Published: 28th February 2016 04:32 AM  |   Last Updated: 28th February 2016 04:32 AM   |  A+A-

Ganapathy

KOCHI:Till Saturday, all that racewalker K Ganapathy (26)  earnestly dreamed was to make the Rio Olympic cut. The havildar with Madras Regimental Centre, who is making ends meet with a bank loan, moved a step closer to his dream at the Jaipur National Open Race Walking Championships, where he covered the 20km distance in 1:21:52.

He finished behind Uttarakhand’s Gurmeet Singh, who had already met the qualification requirement. A total of seven walkers dipped under the Olympic qualifying mark of 1:24:00. Of them, four attained the feat for the first time. Eventually, three will travel to Rio.

Hailing from Goundanur in Krishnagiri district, Ganapathy’s family literally had a hand-to-mouth existence and depended solely on the jawan’s salary for survival. During this time, Ganapathy was included in the Target Olympic Podium Scheme (TOPS), which he thought would take care of his requirements.

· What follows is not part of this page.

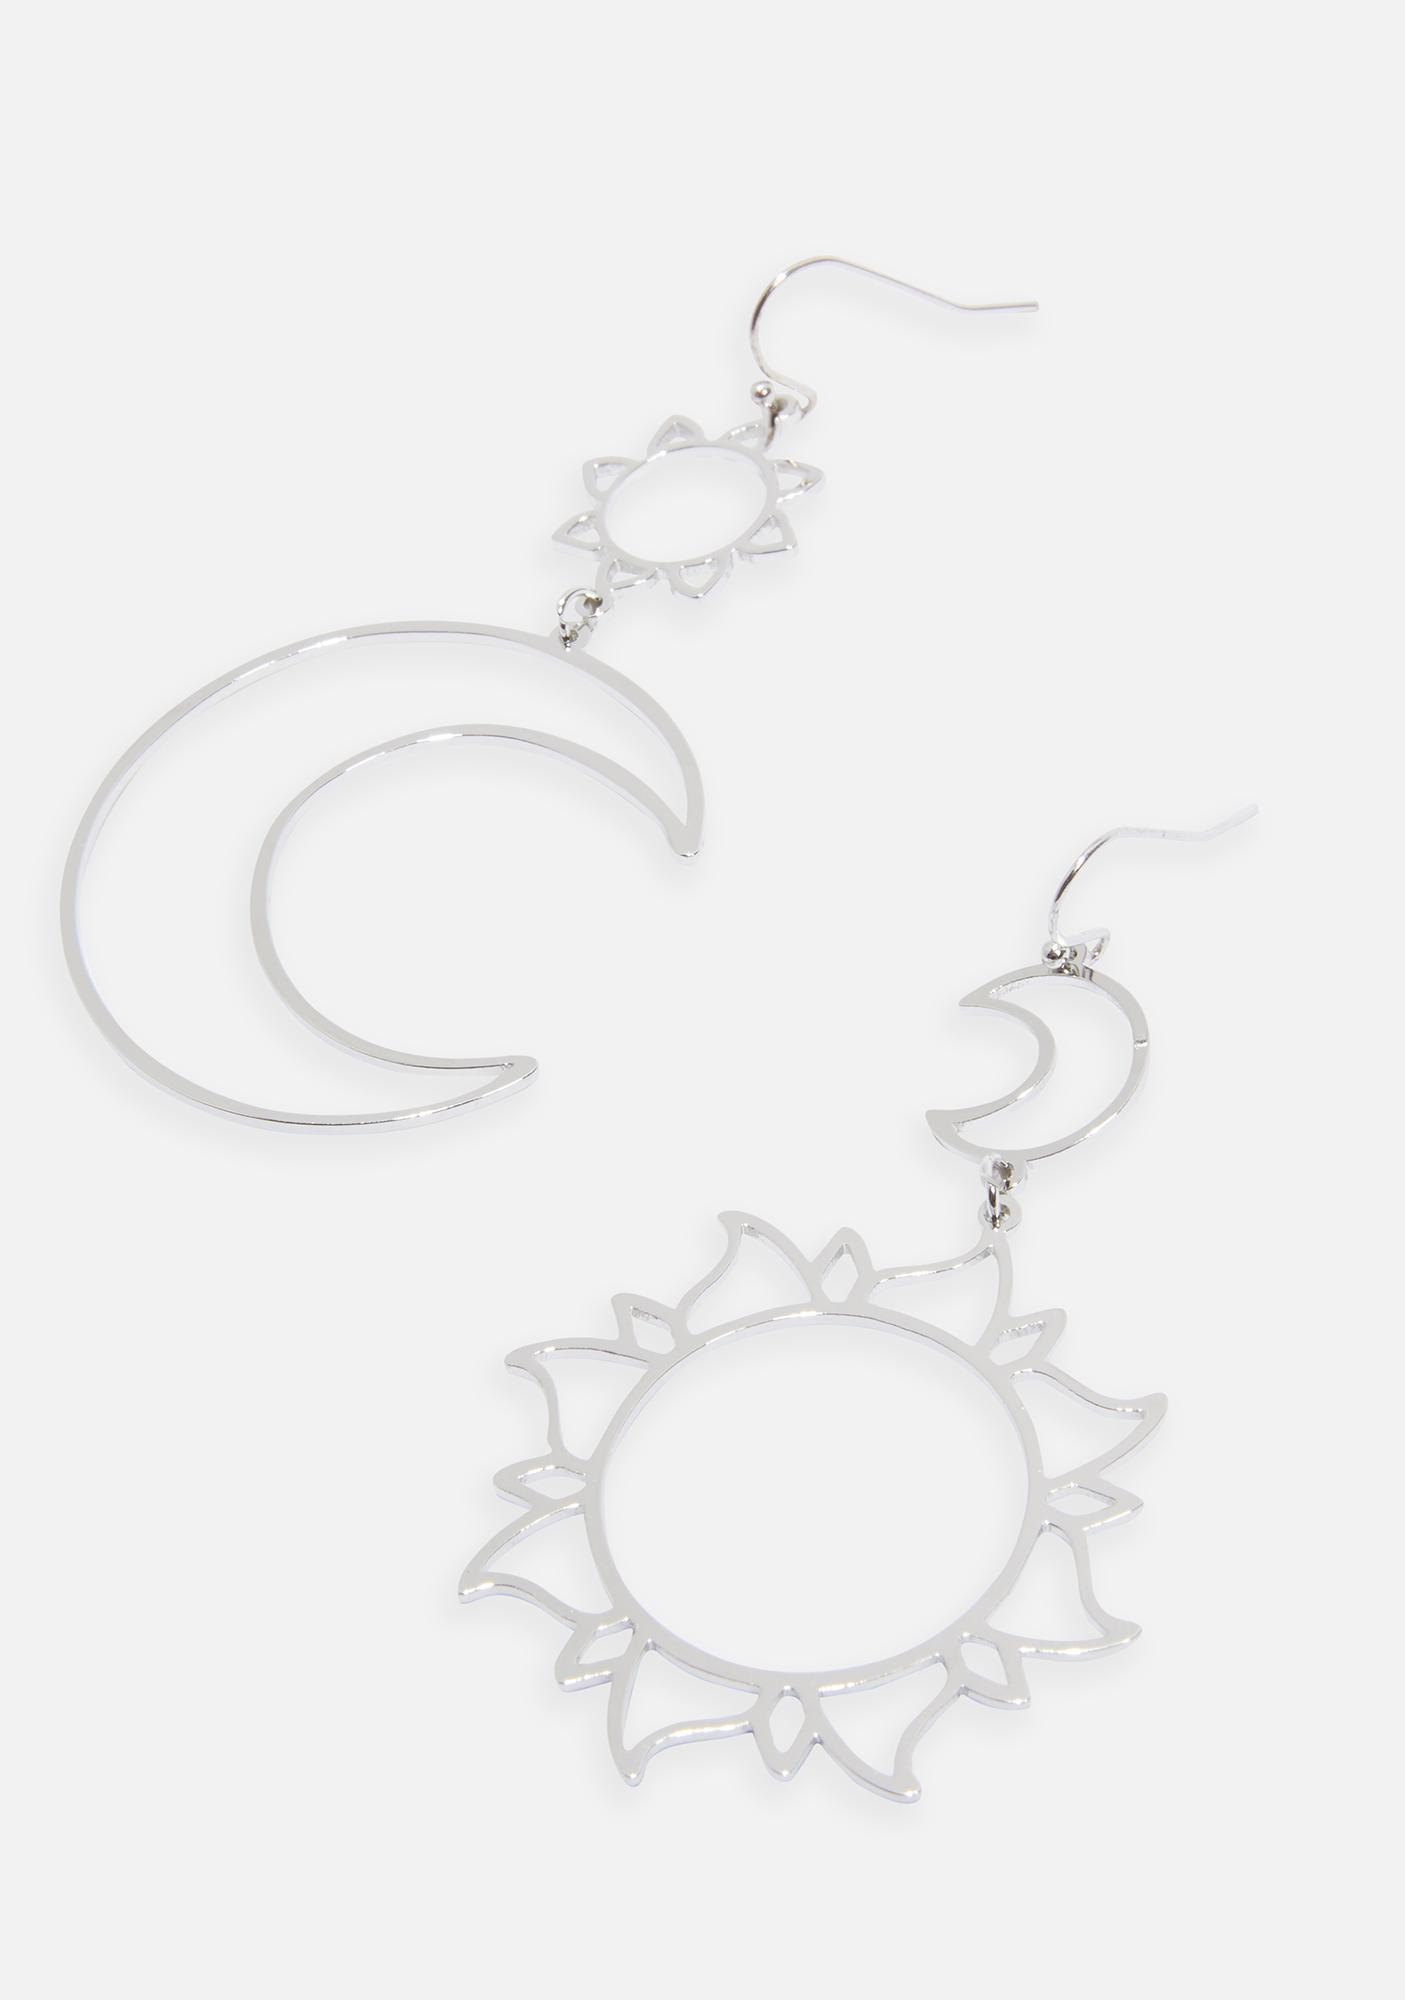 Celestial Bodies Drop Earrings

But TOPS failed to cater to his needs and the athlete had to resort to other means. A bank loan of Rs 2 lakh with contributions from friends ensured that the training went ahead.

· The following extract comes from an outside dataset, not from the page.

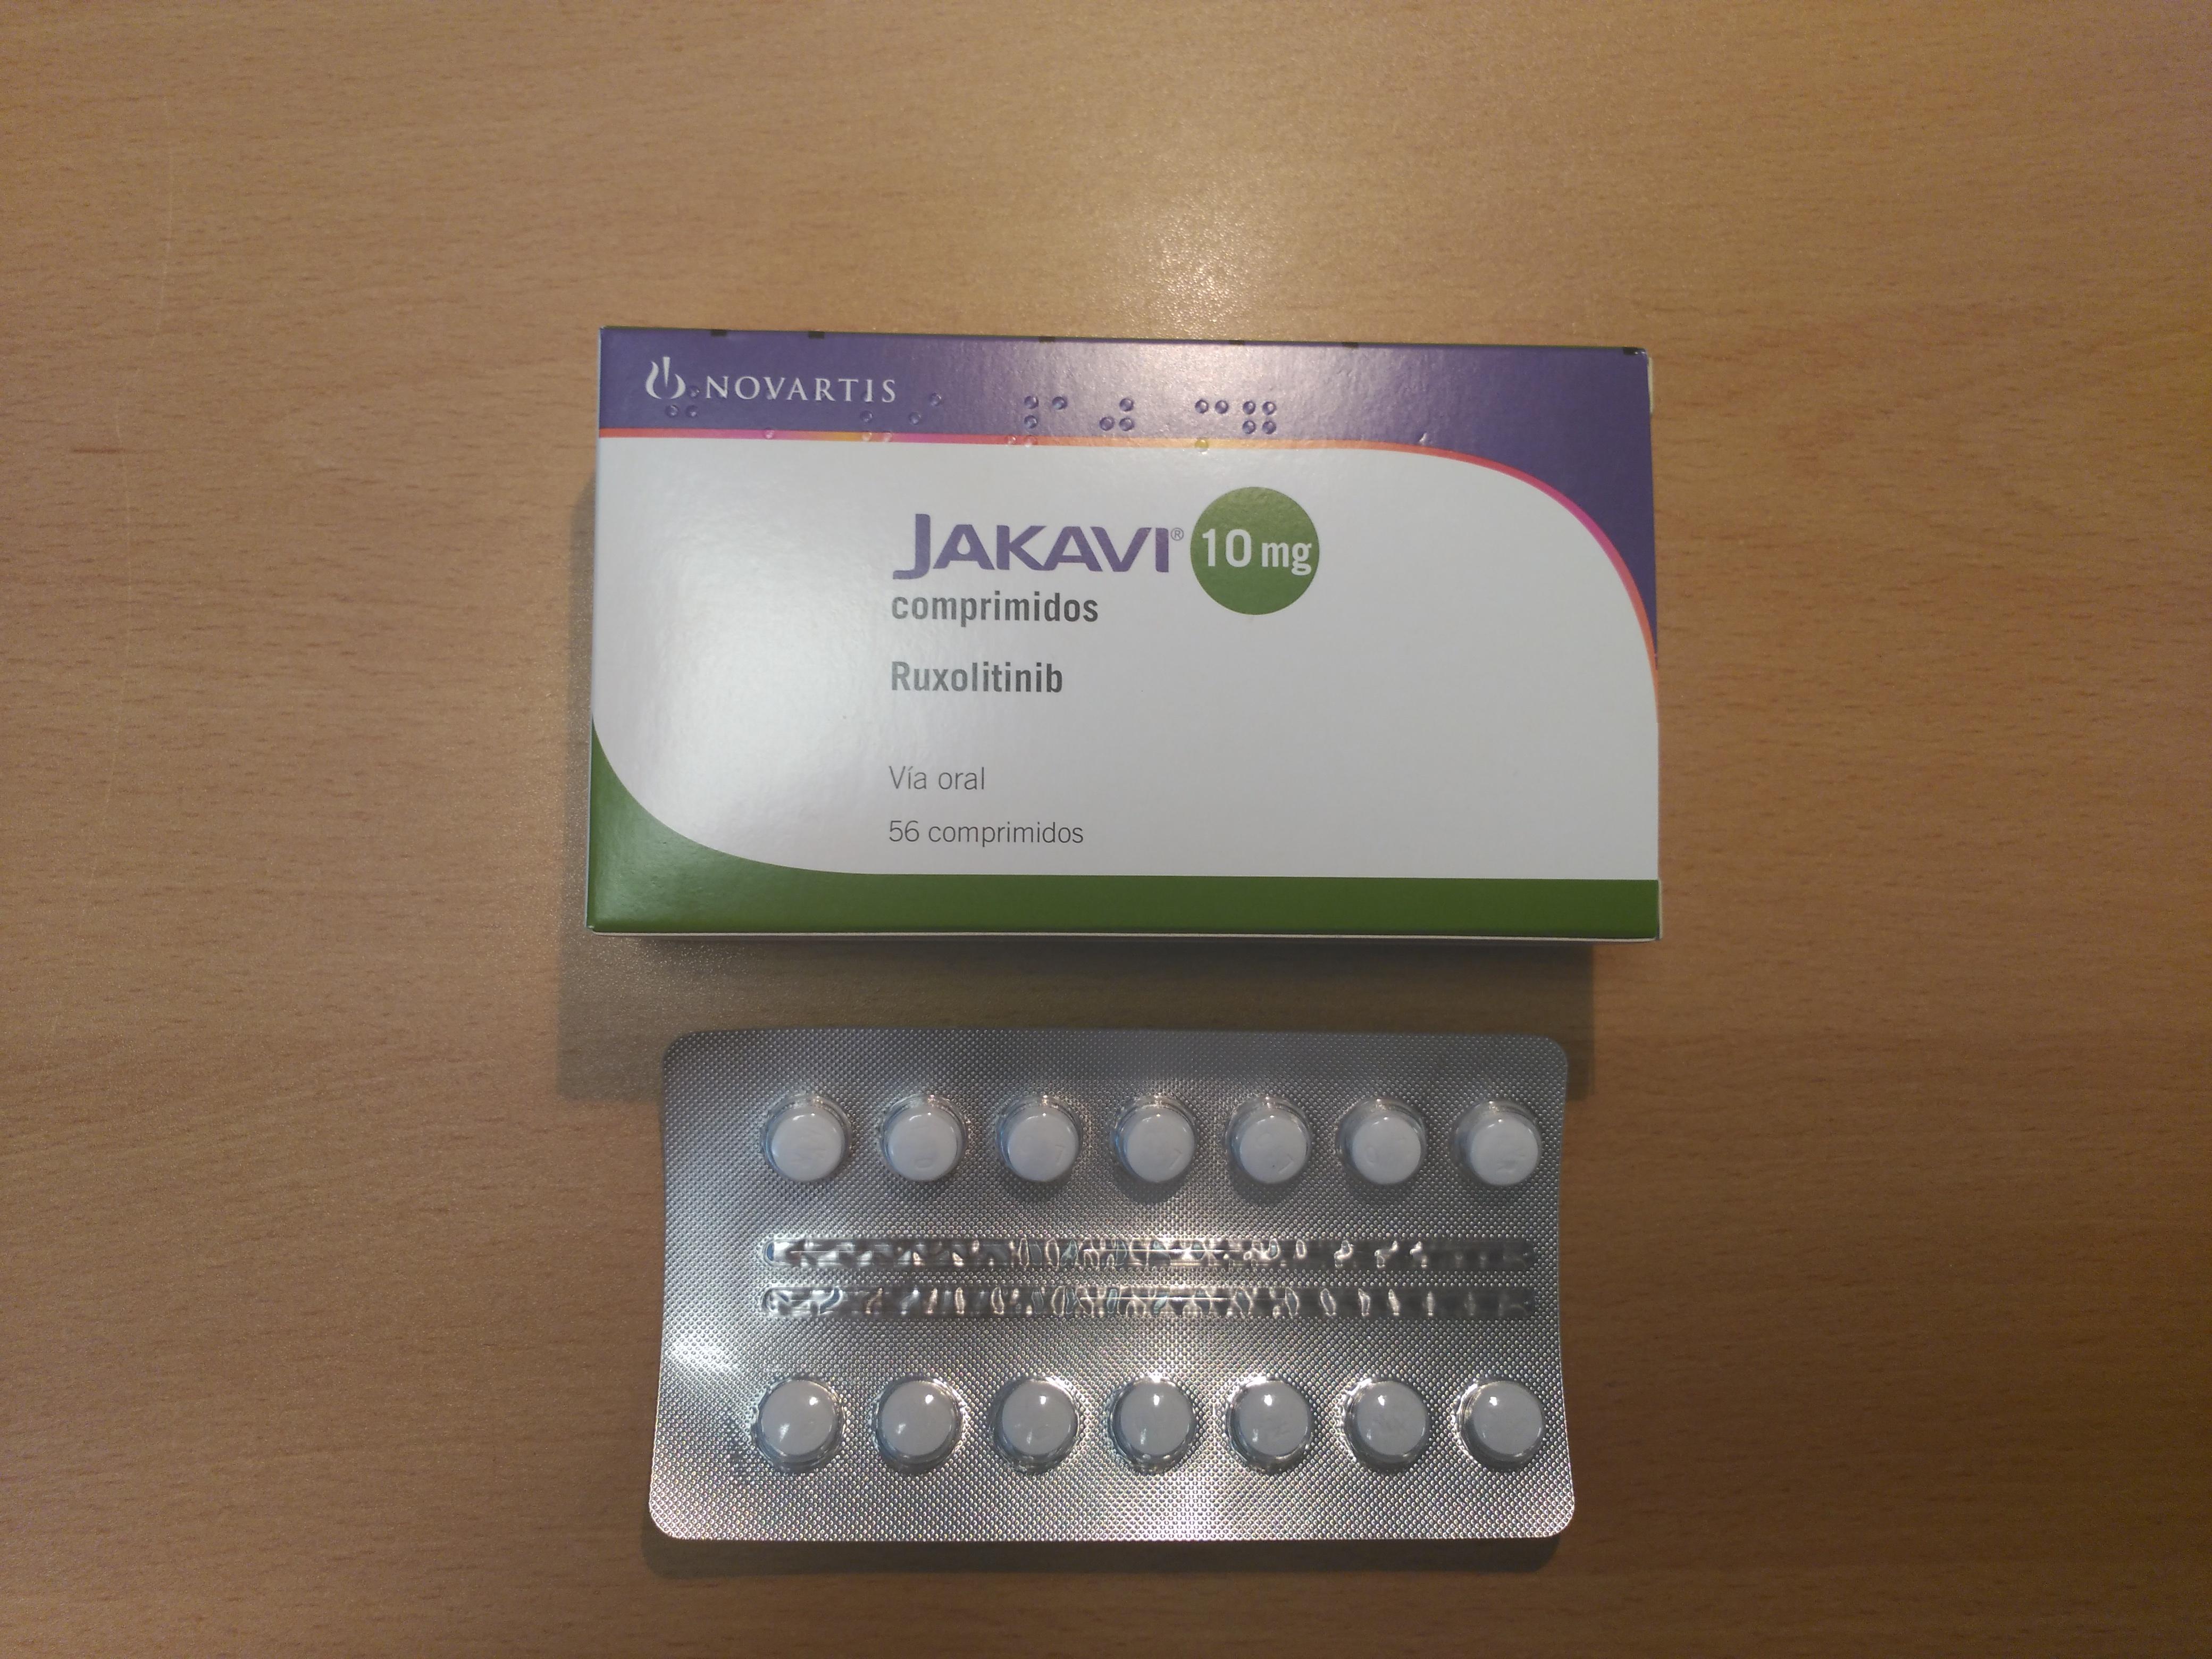 jakavi-ruxolitinib

Ganapathy described the achievement as a ‘dream come true’. But few knew the hardship he went through to reach his goal. With a salary of Rs 20,000, he found the going tough. The cost of performing at the top level was something he could not afford. 

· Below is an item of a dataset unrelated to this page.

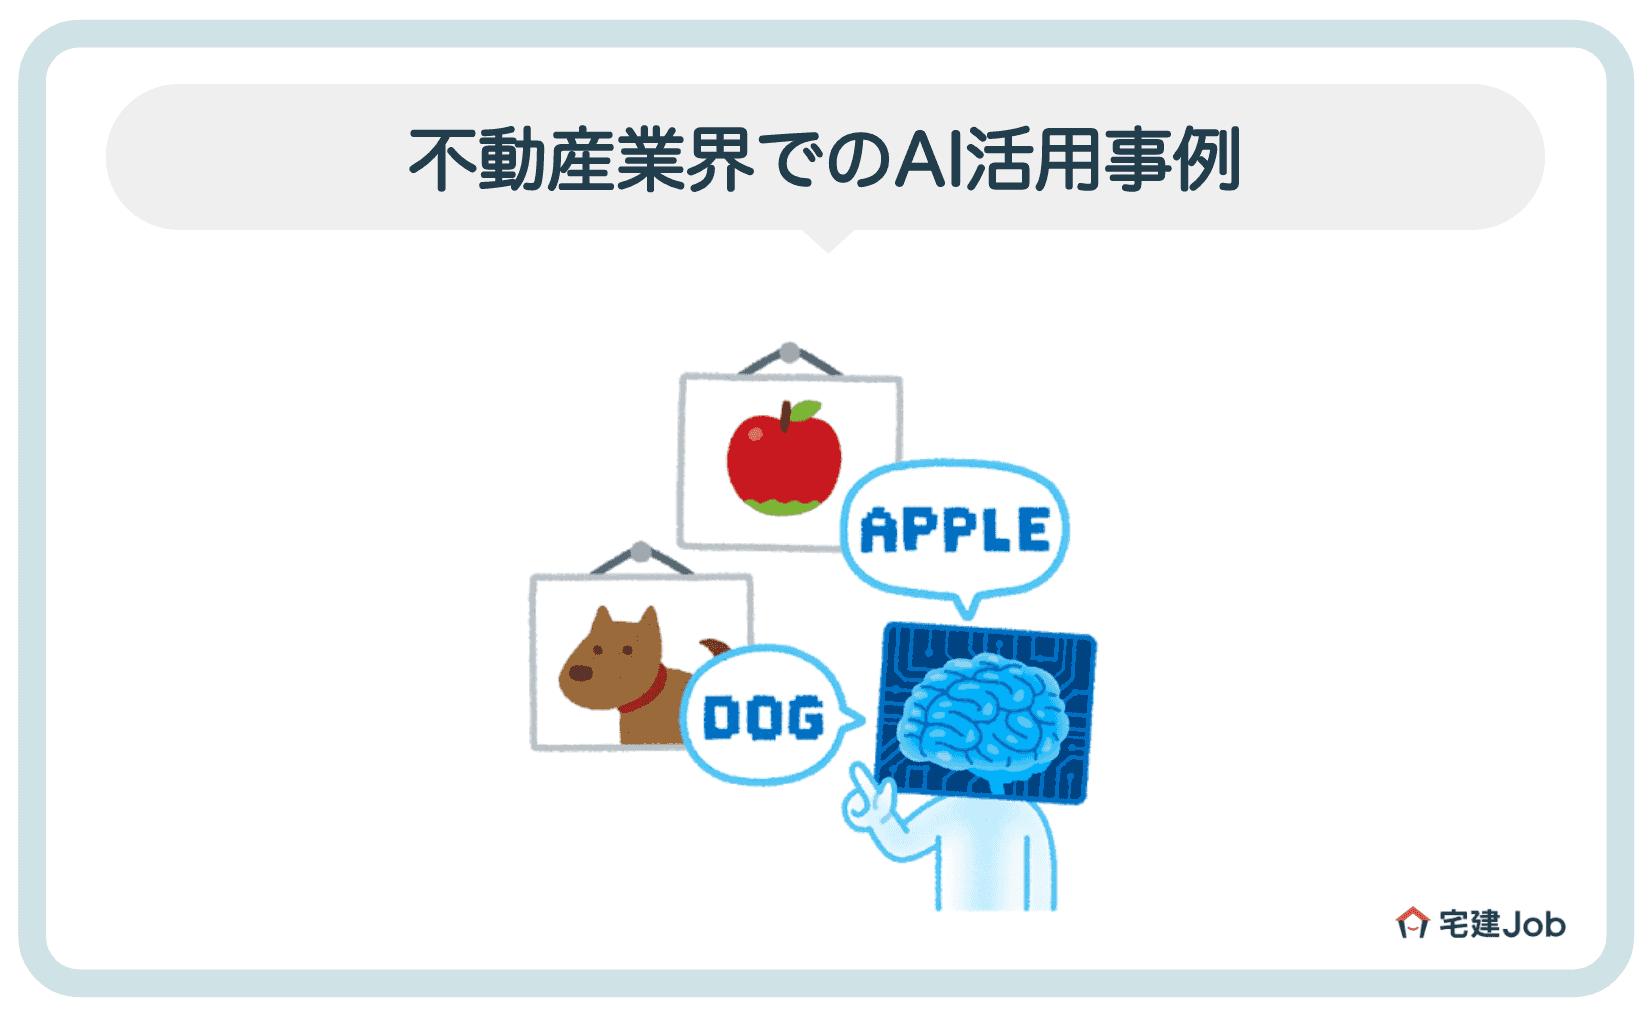 1.不動産業界でのAI(人工知能)活用事例

“It has been a tough journey. With my salary, I can’t even buy a pair of walking shoes. A reasonable brand will cost a minimum Rs 12,000. One pair will last two months and if I carry on with damaged shoes, injuries are inevitable. I had no money and I couldn’t risk injury. God knows how I’ve come this far,” he told Express from Jaipur.

“At times, I was so cash-strapped that I borrowed from home when I went back after vacations. After I took the loan, things became more difficult. Each month the bank deducted Rs 5,000 from my salary,” Ganapathy added. He felt that if promises made to him during the signing of TOPS had been fulfilled, it would have kept him in good stead. “Diet, supplements, jersey...It’s very expensive. Sports ministry officials said once I am under TOPS, I will be entitled to monthly allowance as well as kit and training overseas. Nothing has happened. I’m fighting alone.” Ganapathy’s timing is the second best so far among the seven Indians who have qualified for Rio. He felt he can do better and book his place for Rio. “I was aiming at 1:21:30 here but couldn’t achieve that. Now I’ve two major competitions coming up – Asian Championship in March and World Cup in May. Hopefully, I’ll be part of the squad. I’m preparing to clock 1:20 in upcoming events. If I attain that, I can ensure a ticket to Rio,” he added.